GSEA analysis showed that high-risk samples were mainly enriched in cancer related pathways, such as TGF-β signaling pathway and hedgehog signaling pathway. TGF-β signaling pathway is one of the most important cellular pathways and has been reported to be involved in the initiation and maintenance of epithelial-to-mesenchymal transition in several malignant tumors51. Consistent with previous studies, activation of TGF-β signaling pathway plays a key role in the occurrence and development of colorectal cancer, and most colorectal cancers show mutation inactivation of TGF-β pathway52. Promoting IL-22 production in Th17 cells through AhR induction and PI3K signal transduction by TGF-β and loss of SMAD4 are possible underlying mechanisms53,54. It is feasible to regulate CXCR4 and its related targets to inhibit the growth and metastasis of colorectal cancer by inhibiting TGF-β signal, which further suggests the clinical significance of the pathway enrichment results in this study55. Hedgehog signaling is important for somatic development, deregulation of hedgehog signaling is closely related to tumor growth and developmental defects56. The existing research on the exact involvement of hedgehog pathway in the growth and metastasis of colorectal cancer is still very limited, although it has been reported to be associated with several cancers, its role in colorectal cancer is somewhat controversial57. Researchers have found that hedgehog signaling downstream cascade Gli family transcription factors play an important role in promoting colorectal cancer cell proliferation and tumor growth, while the exact regulatory mechanism is poorly understood58,59.

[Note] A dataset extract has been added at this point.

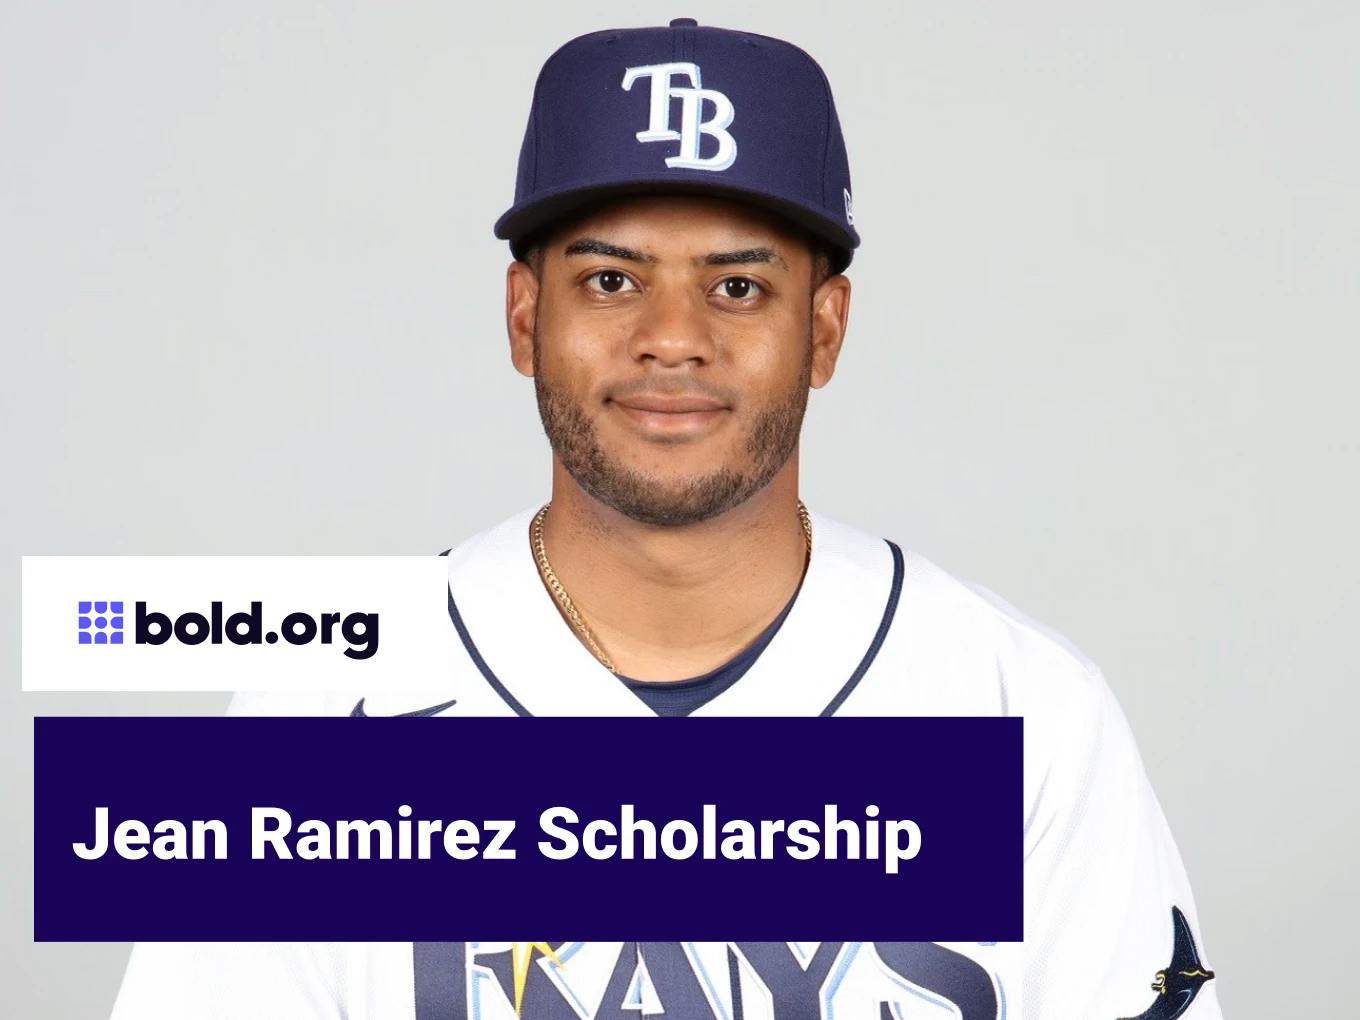 Jean Ramirez Scholarship

This study screened 43 genes from the MElightcyan 1 module by WGCNA, and further construction of the PPI network revealed the two core genes of CHGA and SYP. The research of Zhang et al. also supports our conclusions and verifies the diagnostic value of CHGA in colorectal cancer60. The synaptophysin protein encoded by the SYP gene is highly related to a variety of cancers such as hepatoblastoma and central neurocytoma61.

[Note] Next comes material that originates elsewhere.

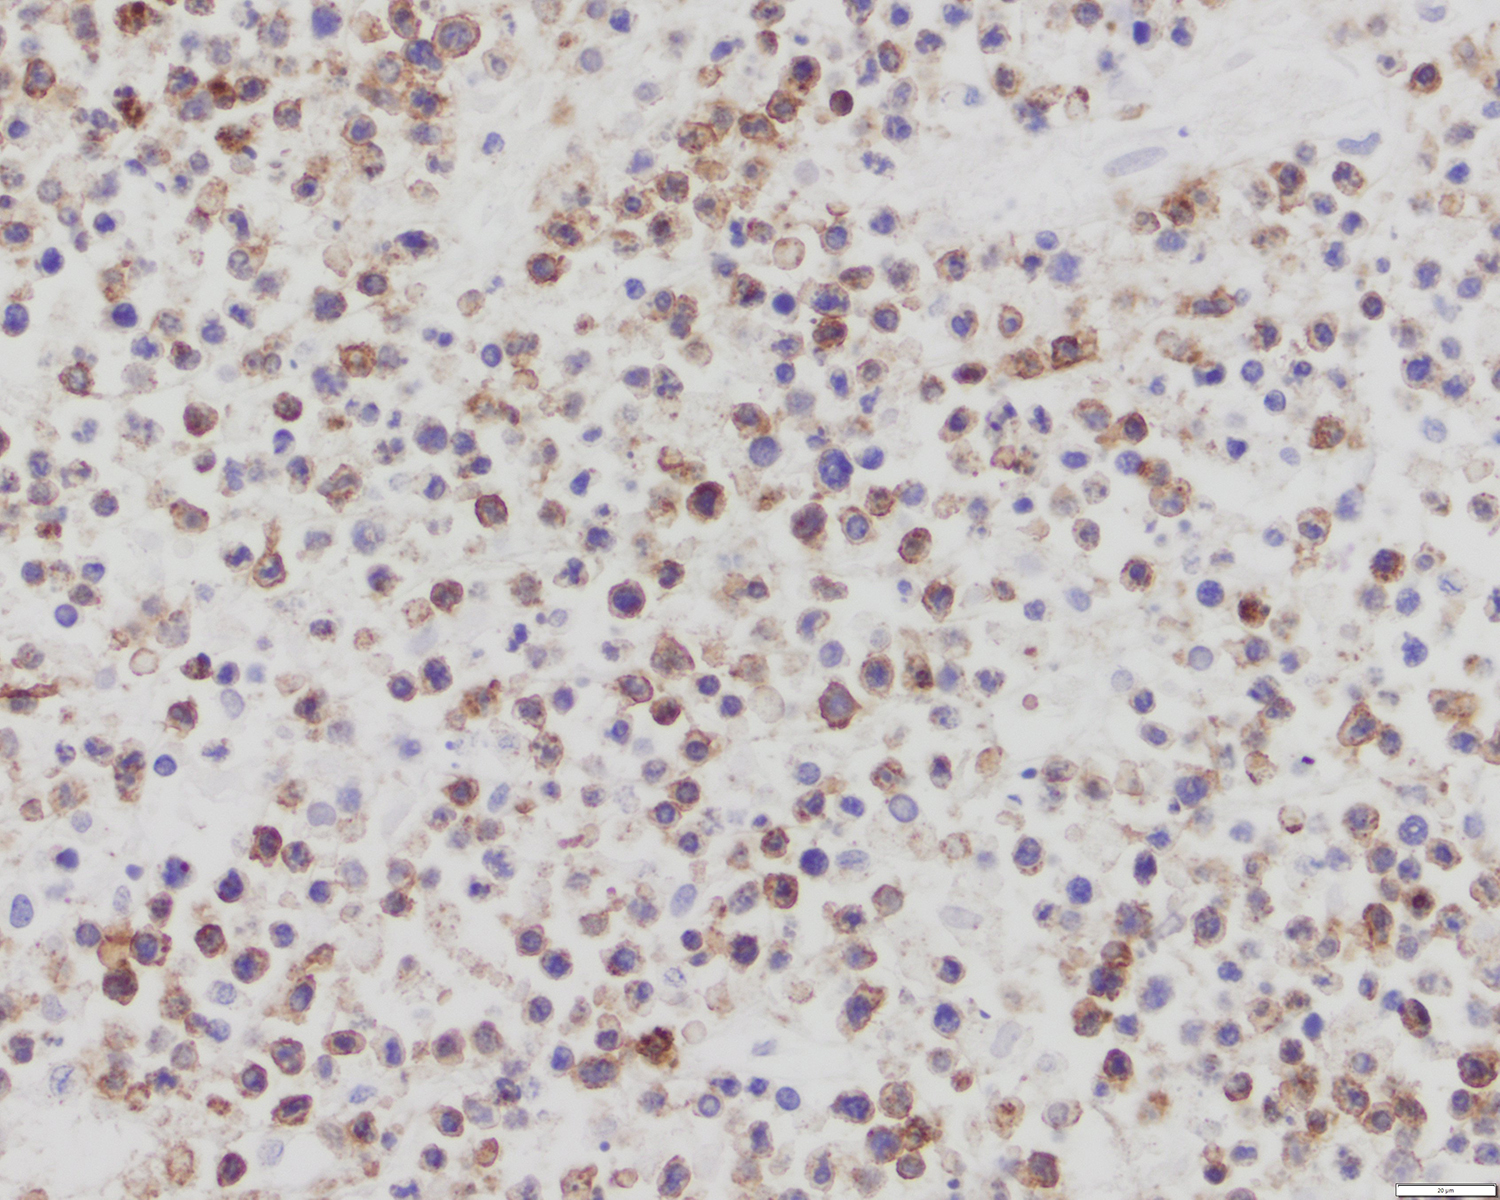 CD8 positive lymphoma cells

We constructed a two-gene risk signature based on age using the clinical information of colorectal cancer patients in the TCGA database to predict the prognosis of colorectal cancer patients. Univariate, multivariate Cox regression, and survival curve analysis all show that DLX2 and PCOLCE2 are significantly related to patient survival. Combined with clinical information (such as age, TNM), we also constructed a nomogram to predict the survival rate of patients. Our research has certain limitations. This predictive feature requires further clinical and experimental verification. We are also aware that although the effectiveness of the model has been verified, further research is needed to explore more biomarkers to improve the accuracy of model differentiation and improve clinical practice reference.

Conclusion

DLX2 and PCOLCE2 are potential tumor markers of early-onset colorectal cancer. The high expression of DLX2 and PCOLCE2 may influence and participate in the occurrence of colorectal cancer, and lead to the occurrence of early-onset colorectal cancer. The results of this study provide an important reference for the prognosis of early-onset colorectal cancer. The relevant findings and conclusions obtained in this study still need further mechanism exploration and molecular verification in the future.